Monday, November 28, 2011

Loser

Today I feel like a huge loser and it's not too great...

I started off my morning at school, which was fine. Then I went to Ikea with my cousin and hung out with her for a while, which was also dandy. However, on my way home, I was thinking about my cousin and how well she's doing for herself. We went to Ikea and she pretty much bought whatever she wanted. Then when I left, she was going to meet her bf for lunch, and I wanted to go, but I literally have $6 in my bank account, all of my credit cards are maxed out, and I don't have any idea when the next time is that I'll be getting any kind of income.

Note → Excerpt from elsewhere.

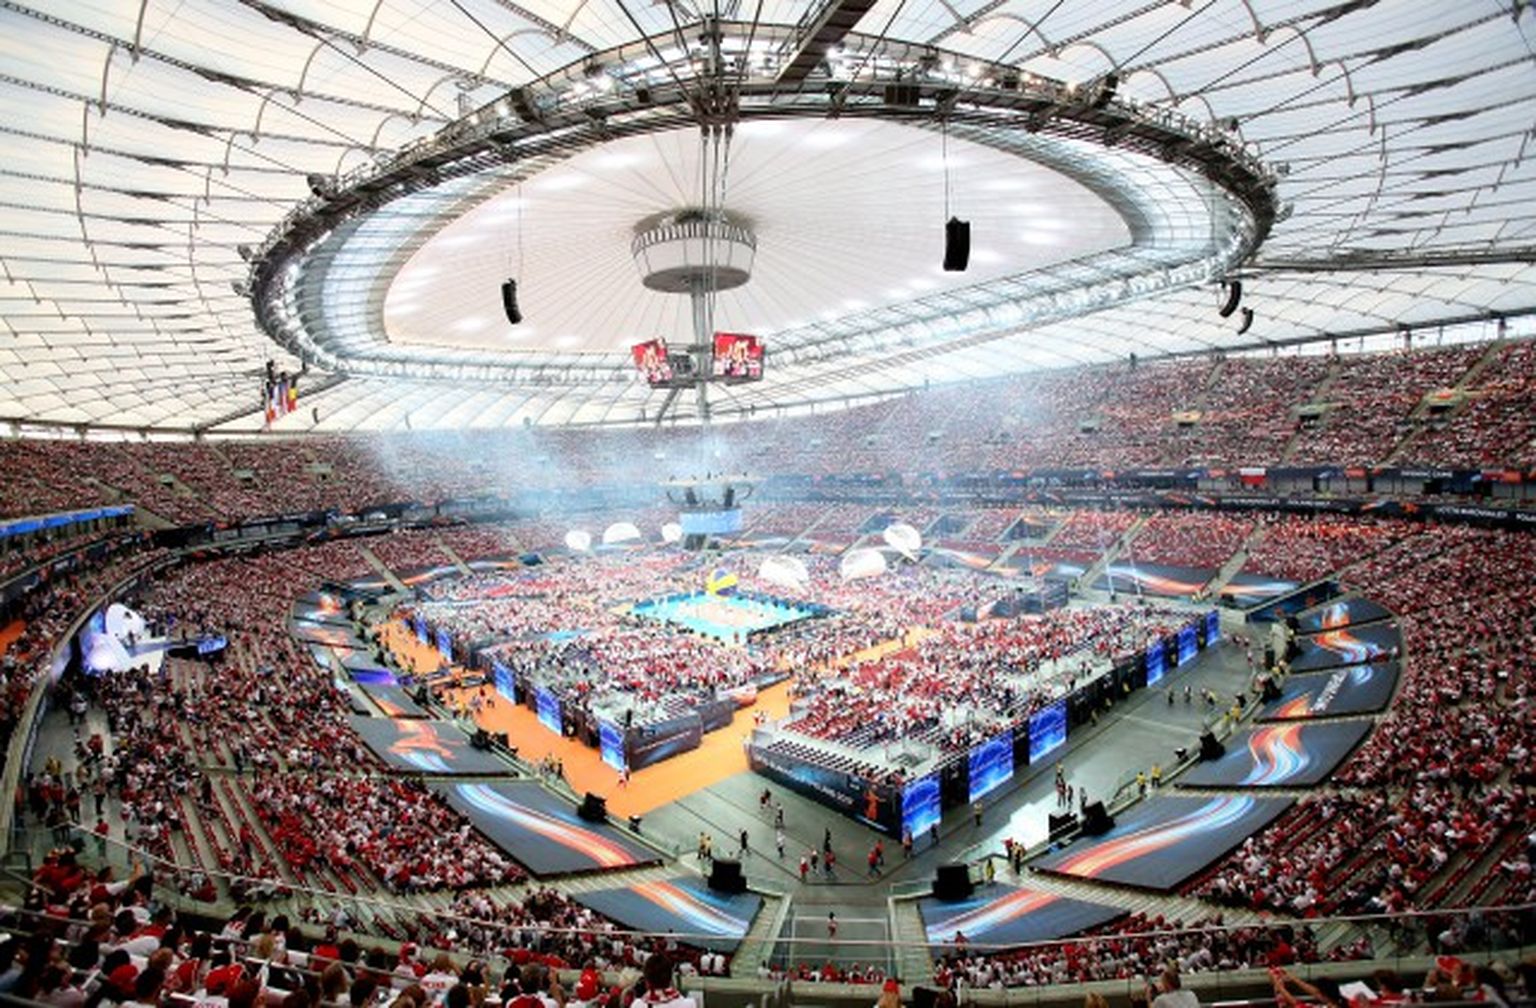 Nacionālais stadions Polijas galvaspilsētā Varšavā. Eiropas volejbola čempionātā sasniegts apmeklētības rekords - klātienē spēli vēro vairāk nekā 65 000 skatītāju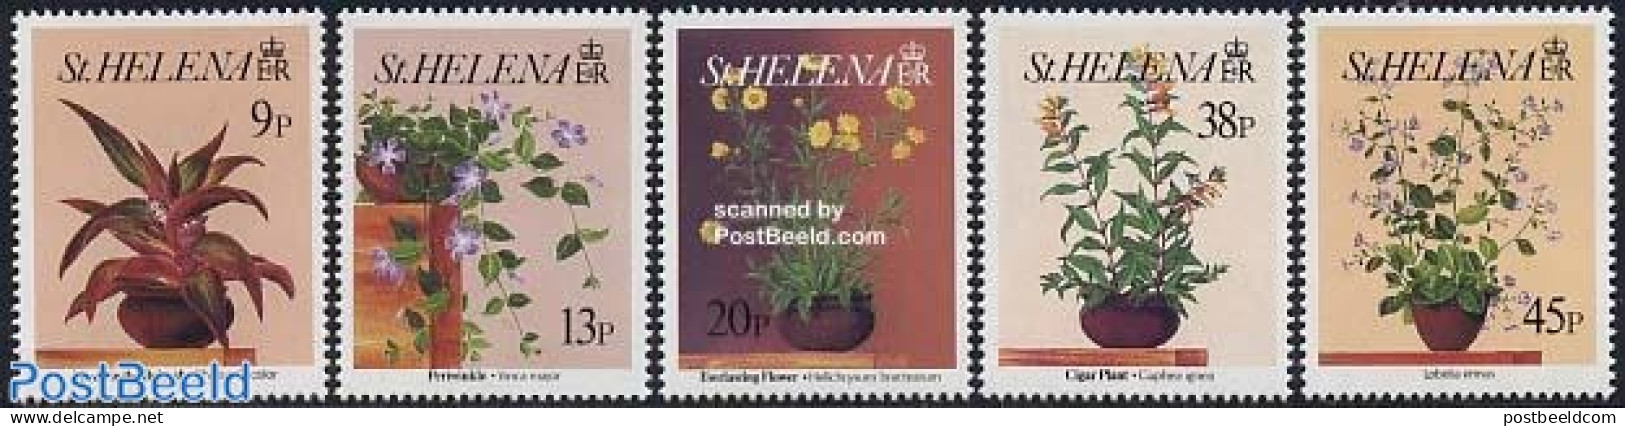 Saint Helena 1993 Flowers 4v, Mint NH, Nature - Flowers & Plants - St. Helena

I cannot even remember a time where I could go shopping and actually shop. I can't pay for my own bills when they're due and it's really starting to make me feel like shit. I know I'm in school, but it doesn't seem to be doing anything for me right now. I don't feel like I'm getting any closer to graduating, and even when I do, I still have 2 more years of school after I leave Valencia. I just want my old receptionist job back at the law firm I used to work at. It is almost exactly a year ago today that I was laid off at Ruden and I haven't been anywhere close to as good as I was doing when I had that job. Sorry I'm boring you with my life complaints, but that's what my blog is for, right?

Oh, and my stupid face is breaking out which is making me feel super ugly.